# 105k for family of 5



## Quinners (Feb 22, 2016)

Hi lads would 105k a year salary between me and my wife give us a good life style in western suburbs of Sydney (Parramatta area) we have 3 kids 8, 7 and 3 I would be on a 457 visa so I no finding a school that takes kids on a 457 visa may be difficult but main thing is would this yearly salary be OK to live on


----------



## JandE (Jul 17, 2015)

Quinners said:


> we have 3 kids 8, 7 and 3 I would be on a 457 visa so I no finding a school that takes kids on a 457 visa may be difficult but main thing is would this yearly salary be OK to live on


Schools will take kids on 457 visa, but the 2016 NSW cost is $5,000 per year per child for State schools.


----------



## JandE (Jul 17, 2015)

Your housing cost will be the main factor in affordability.
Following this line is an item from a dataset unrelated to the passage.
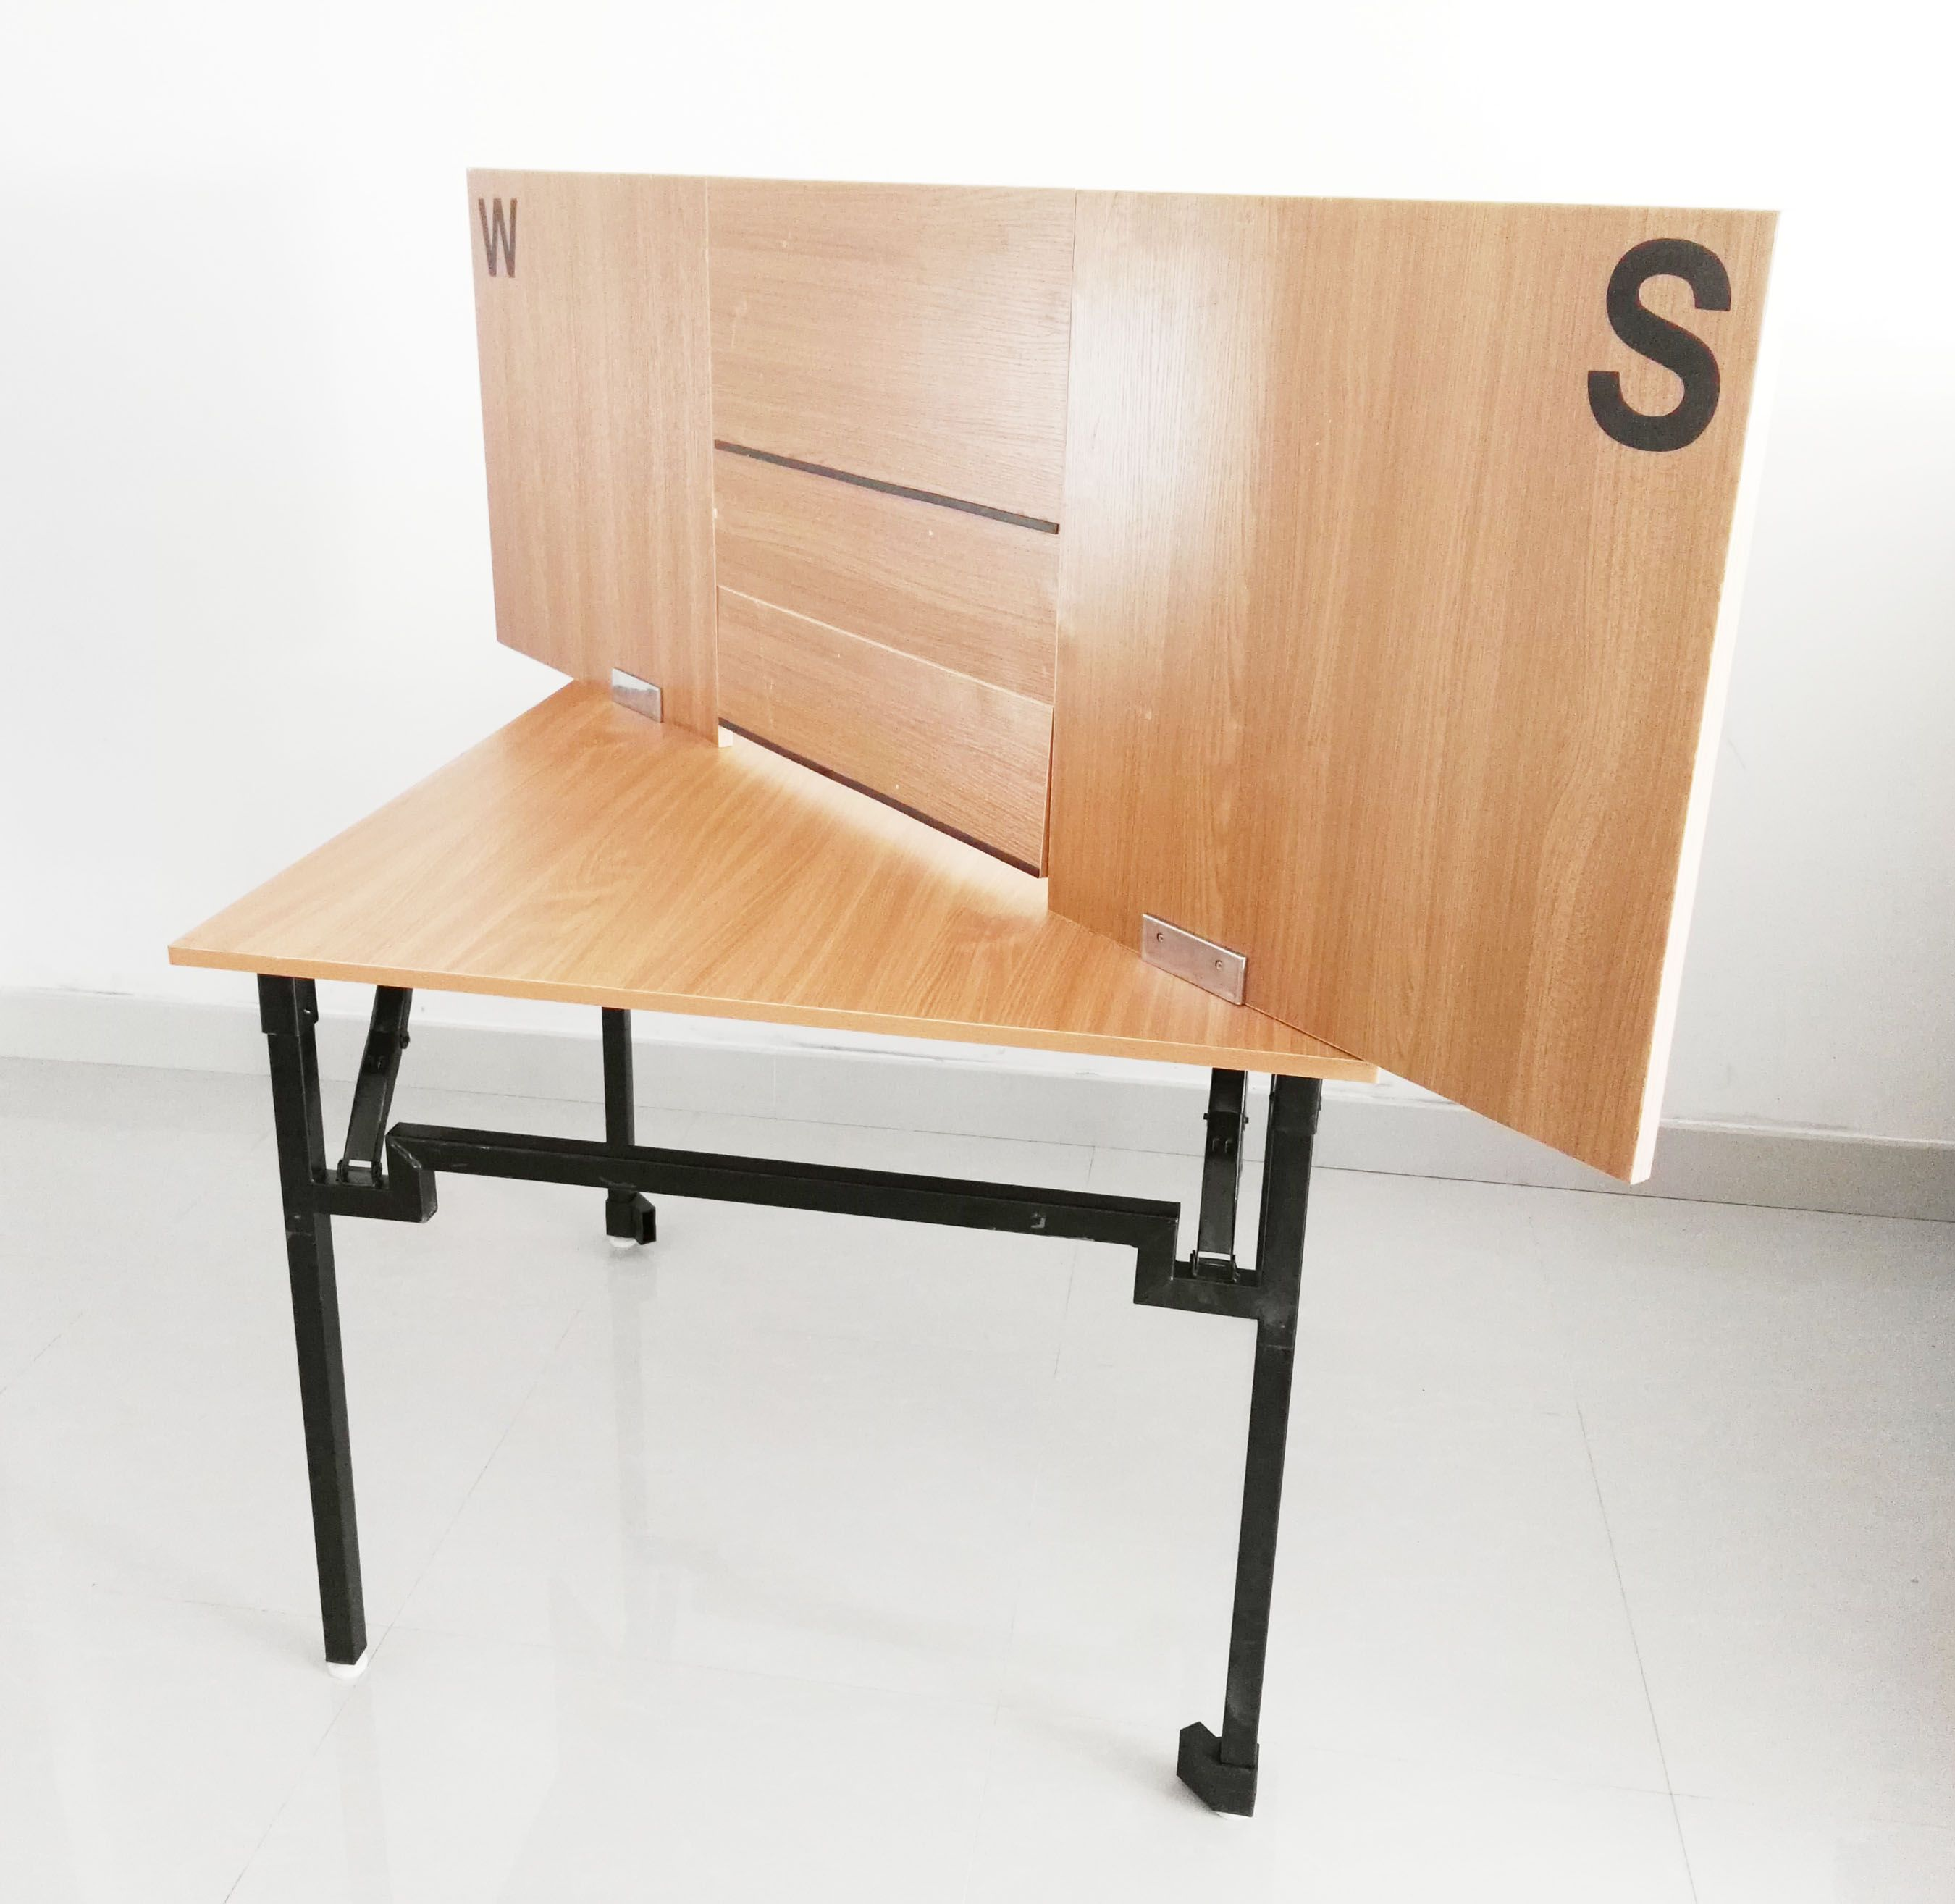 Foldable screen for bridge tablenormally for bridge club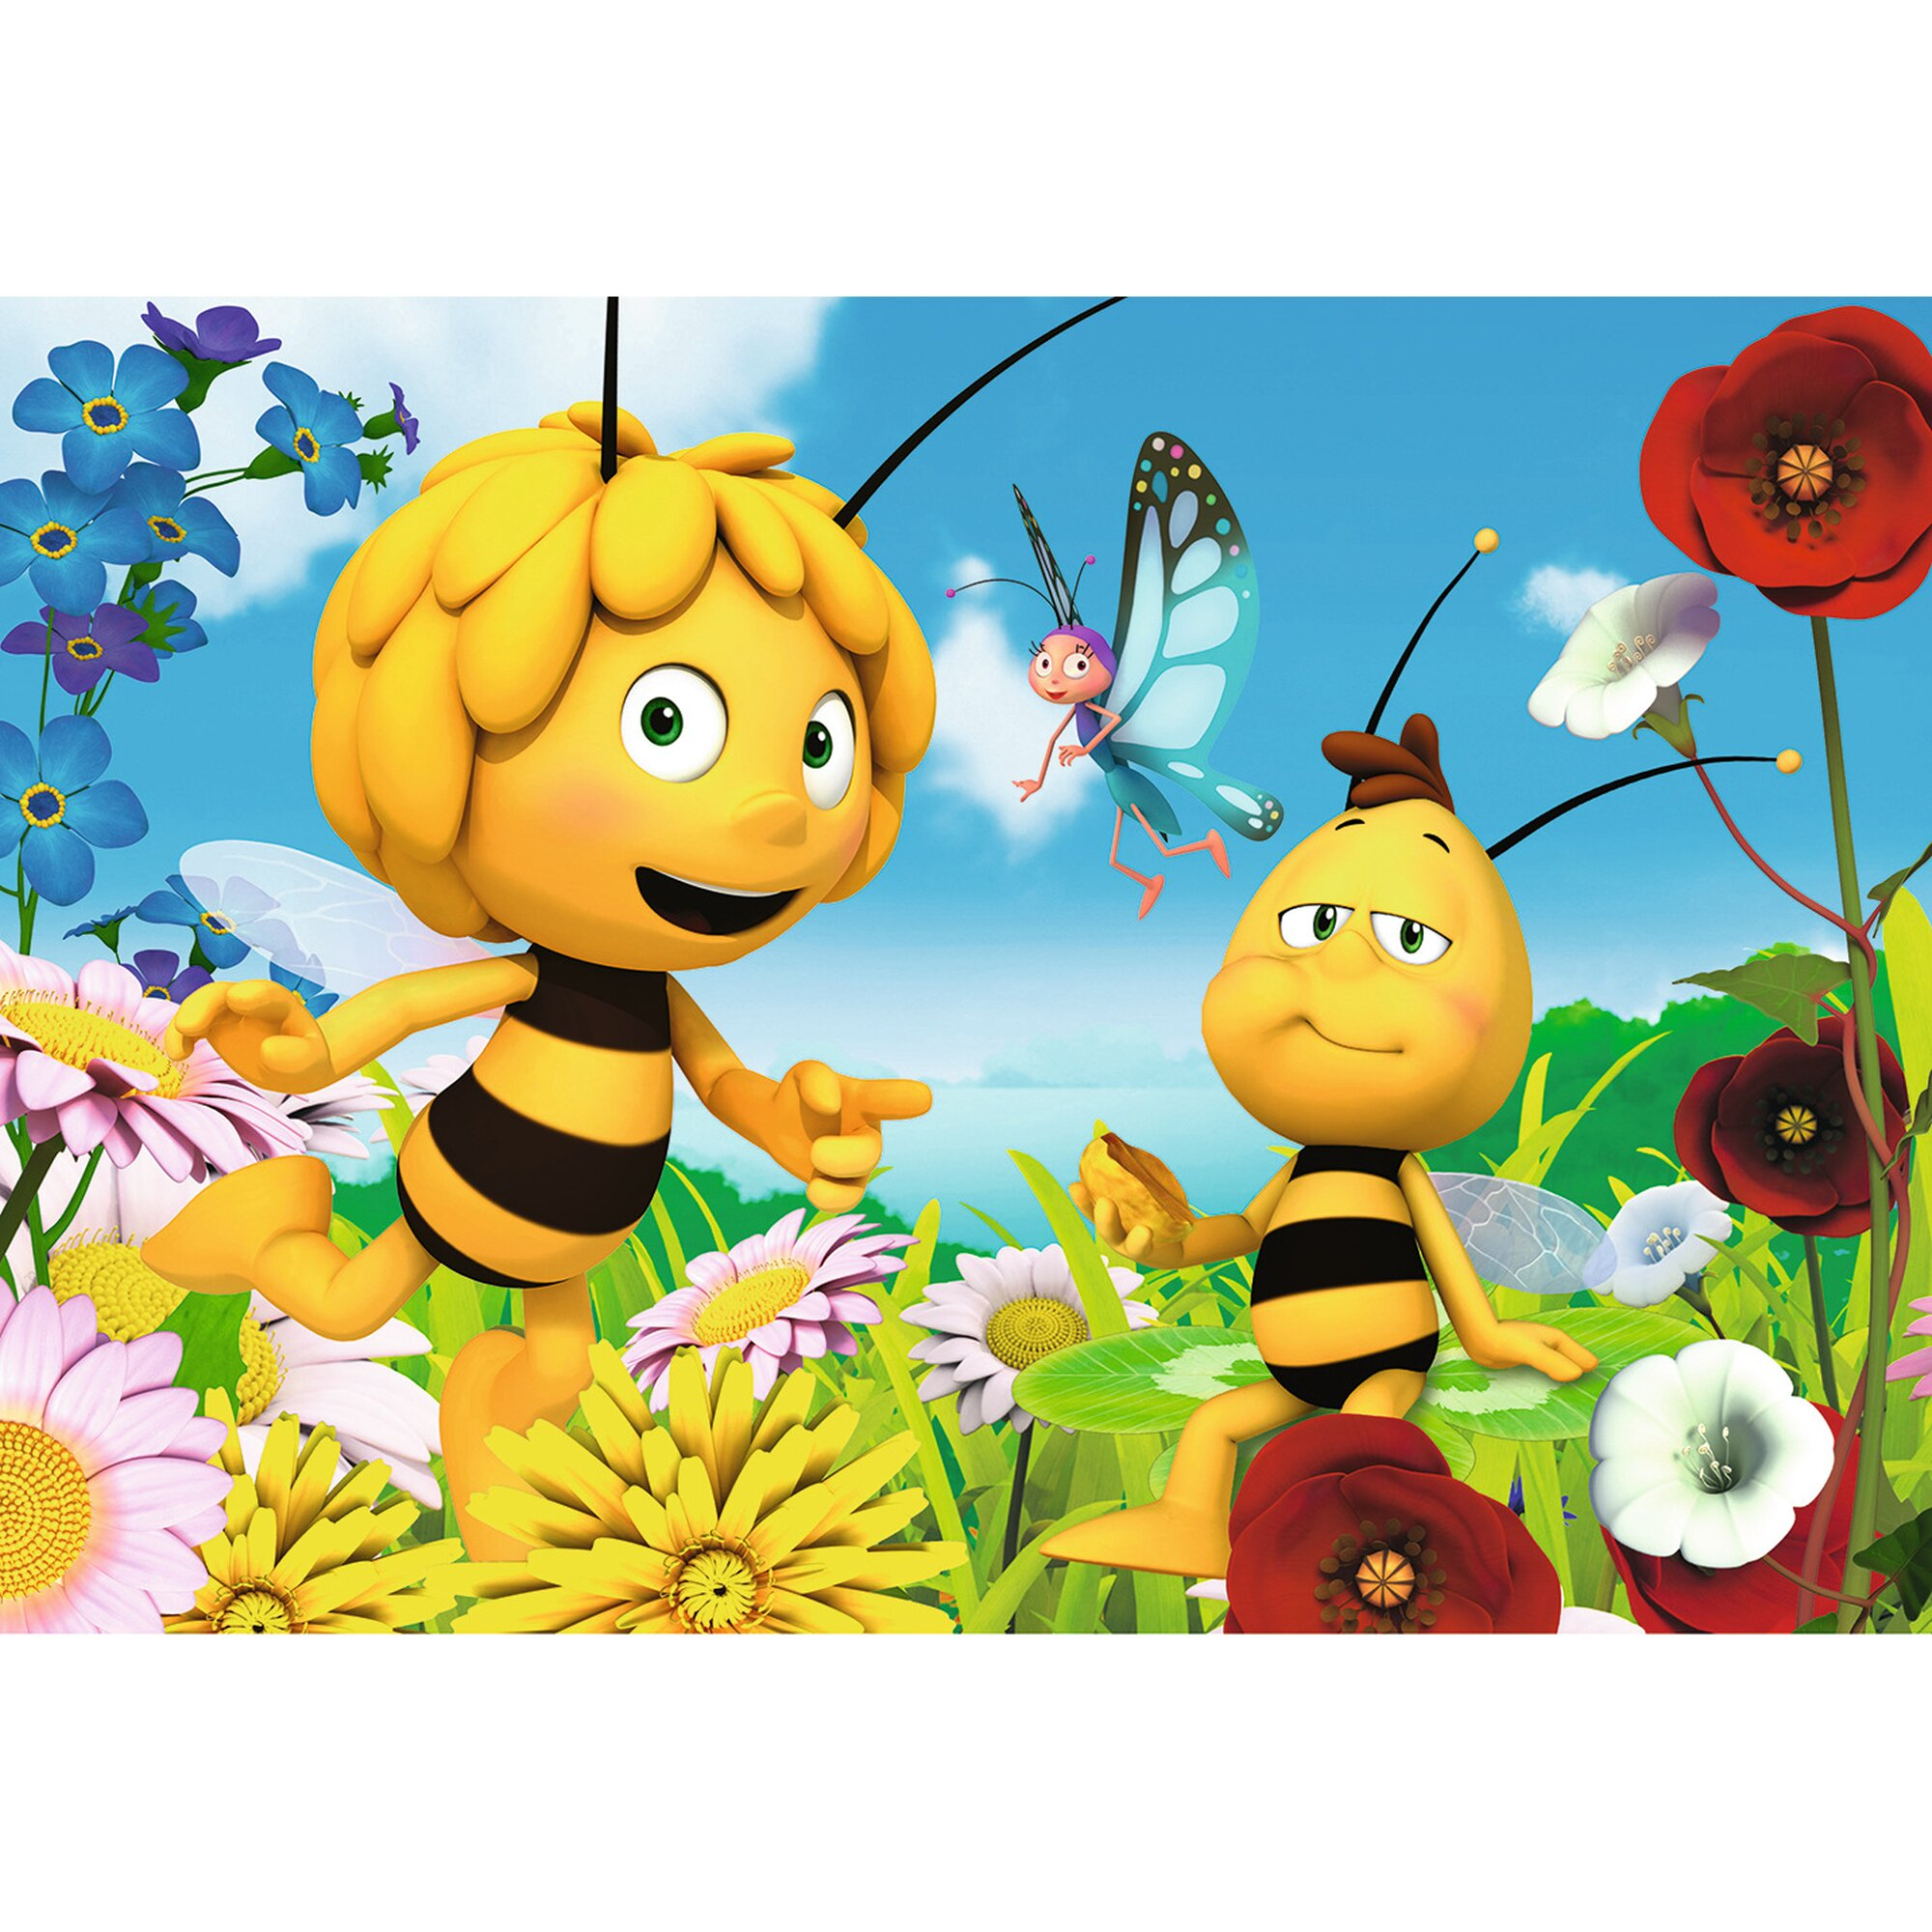 ravensburger-zwei-kinderpuzzles-inkl-mini-postern-24-teile-biene-maja-und-ihre-freunde, 9.99 EUR @ babywalz-de

What type of property are you looking at? Renting or buying etc


----------



## Quinners (Feb 22, 2016)

I've checked out the price of schooling an can deal with that house wise be renting a 3 bedroom house be fine for us as the two boys like sharing room


----------



## Quinners (Feb 22, 2016)

And any information on tax I'd be making 80k annually an wife around 25k so what will the tax be on this with 457 visa will there be any differents as we have 3 kids


----------



## Quinners (Feb 22, 2016)

Any more info you be greatly appreciated lads


----------



## JandE (Jul 17, 2015)

Quinners said:


> And any information on tax I'd be making 80k annually an wife around 25k so what will the tax be on this with 457 visa will there be any differents as we have 3 kids


Out of that $80,000 you would keep about $61,000

Gross Monthly Earnings:	$6,667.00
Net Pay:	$5,068.00

Gross Monthly Earnings:	$2,083.00
Net Pay:	$1,940.00


----------



## Quinners (Feb 22, 2016)

Thanks for that info JandE


----------